Namun, ketika Luo Li memperhatikan sisa-sisa luka yang masih ada di tubuhnya, matanya yang jernih dan jernih berubah menjadi jauh lebih lembut. Tangan kecilnya dengan lembut menggenggam tangan Mu Chen, dan dagu miringnya yang seputih salju mengangguk dengan lembut. Suara “Mhm” yang lembut dan lembut terdengar, memuaskan sedikit kesombongan yang hadir di hati Mu Chen.
Mengambang di langit, Dean Tai Cang memandang ke arah semua orang dari Akademi Spiritual Surga Utara sebelum menganggukkan kepalanya. Berbalik untuk menangkupkan tinjunya dan tersenyum ke arah Western Extreme Sovereign, dia berbicara, “Maaf atas masalah kali ini, Kakak Tua Western Extreme.”
“Tidak apa-apa, tidak apa-apa,” jawab Penguasa Ekstrim Barat dengan senyuman dan lambaian tangan.
Tanpa terus membuang waktu untuk berbicara, fluktuasi spasial langsung menyelimuti semua orang dengan gelombang lengan bajunya. Saat ruang mulai terdistorsi, semua orang menghilang ke udara tipis.
Melihat ke tempat di mana orang-orang dari Akademi Spiritual Surga Utara telah menghilang, mata Penguasa Ekstrim Barat sedikit menyempit sebelum berbicara dengan senyum tipis, “Tidak pernah membayangkan bahwa Mo Longzi dari Istana Naga Iblis benar-benar akan dipukuli. Sepertinya mereka akan mengurangi satu peserta di Gunung Spiritual Ilahi kali ini. ”
Pertama, Mo Longzi tidak cukup untuk ditakuti. Di sampingnya, Xi Qinghai berbicara sambil tersenyum. Dari nada bicara dan kata-katanya, dia tidak menempatkan Mo Longzi di matanya.
“Saya tidak tahu Akademi Spiritual Surga Utara akan berpartisipasi kali ini … setelah masalah ini, Shen Cangsheng mungkin menerobos ke Tahap Akhir Tahap Penyelesaian Surgawi,” kata Penguasa Ekstrim Barat.

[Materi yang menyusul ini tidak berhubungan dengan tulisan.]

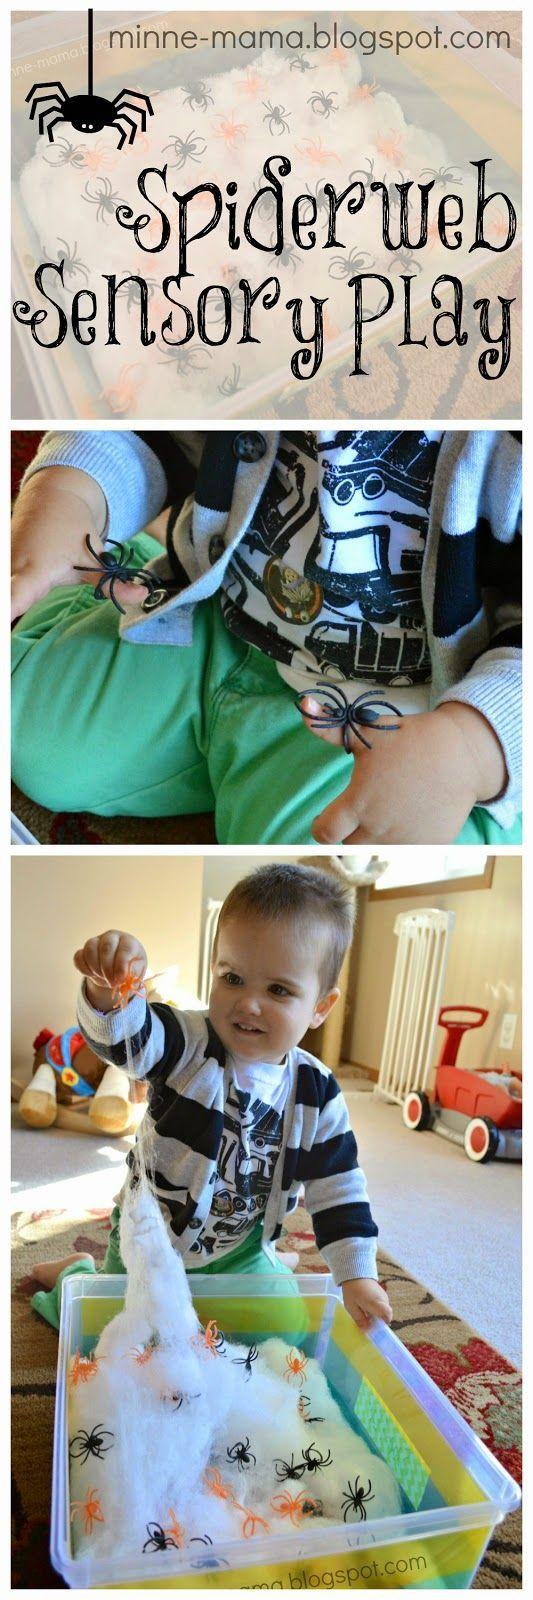 Minne-Mama: Spider Web Sensory Play
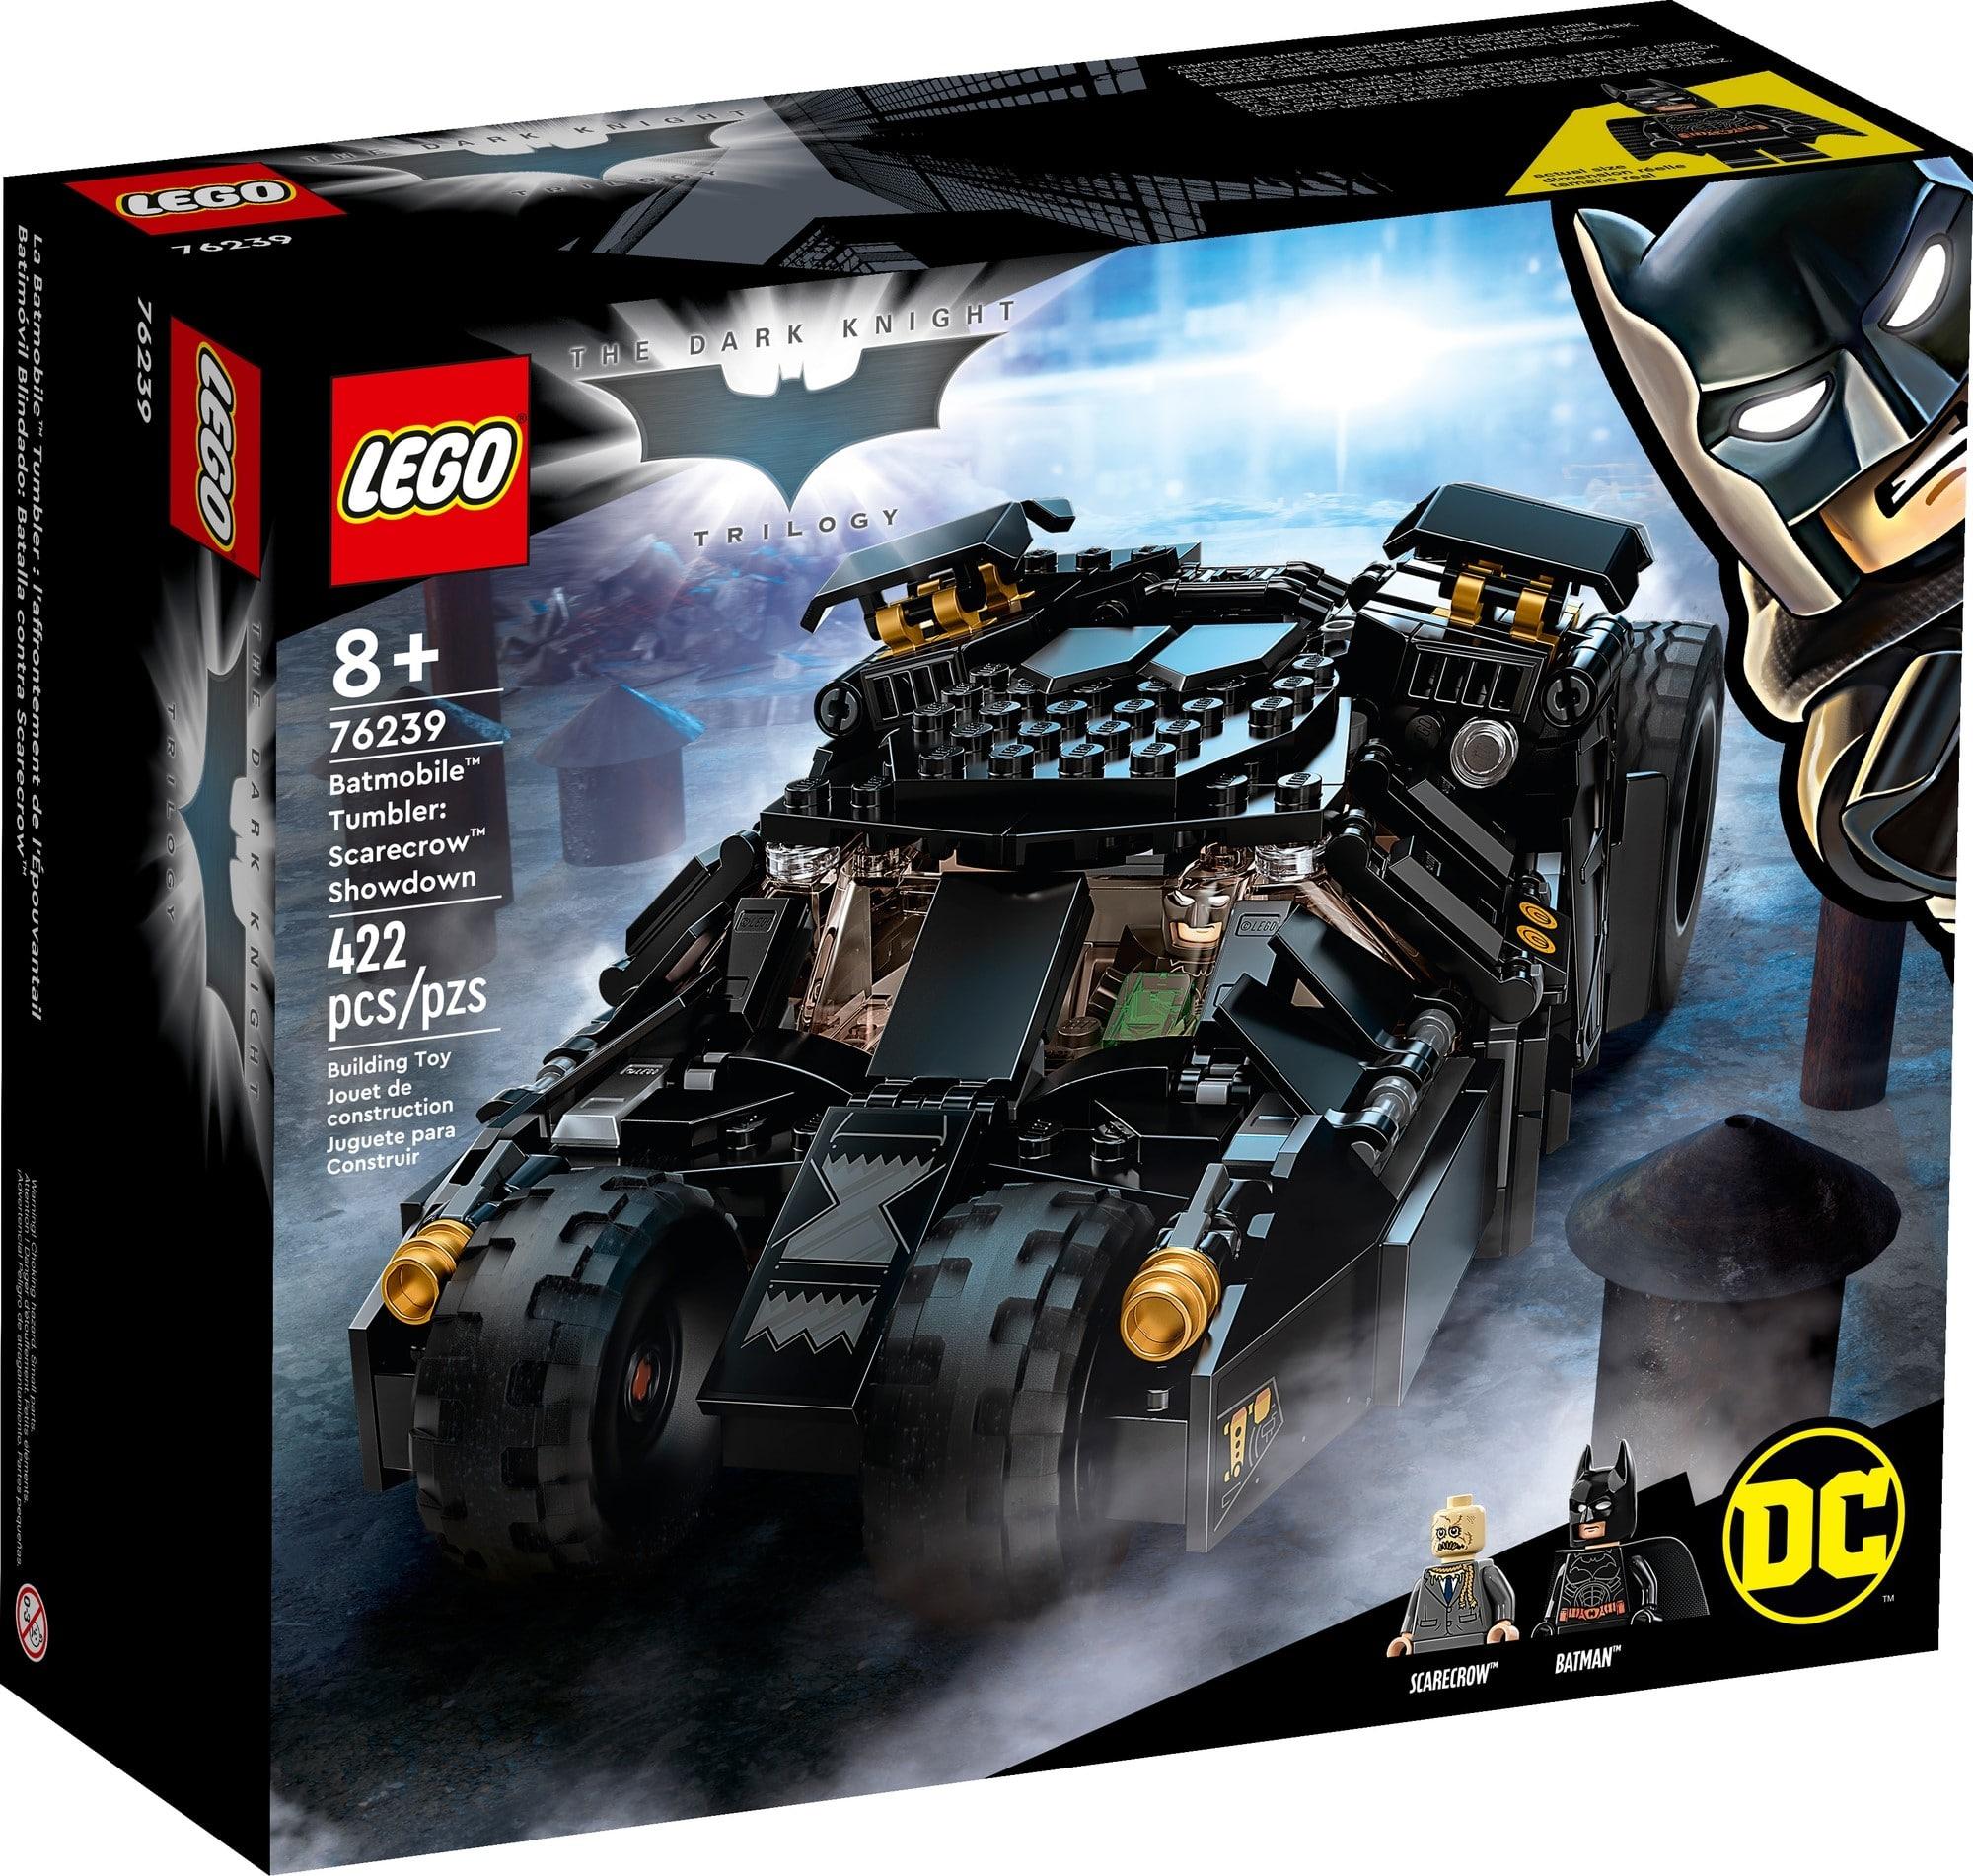 LEGO Dc 76239 LEGO Dc Batman Batmobile Tumbler Duell Mit Scarecrow 2

Menggelengkan kepalanya, Xi Qinghai berbicara dengan suara lembut, “Bahkan jika Shen Cangsheng menerobos, ancaman yang dia berikan tidak besar. Meskipun dia cukup berbakat, waktu kultivasinya jauh lebih singkat dari kita… ”
Berbicara sampai di sini, ada jeda kecil dalam kata-katanya saat dia bergumam pada dirinya sendiri.
“Mahasiswa baru dengan nama Mu Chen … benar-benar agak tak terduga.”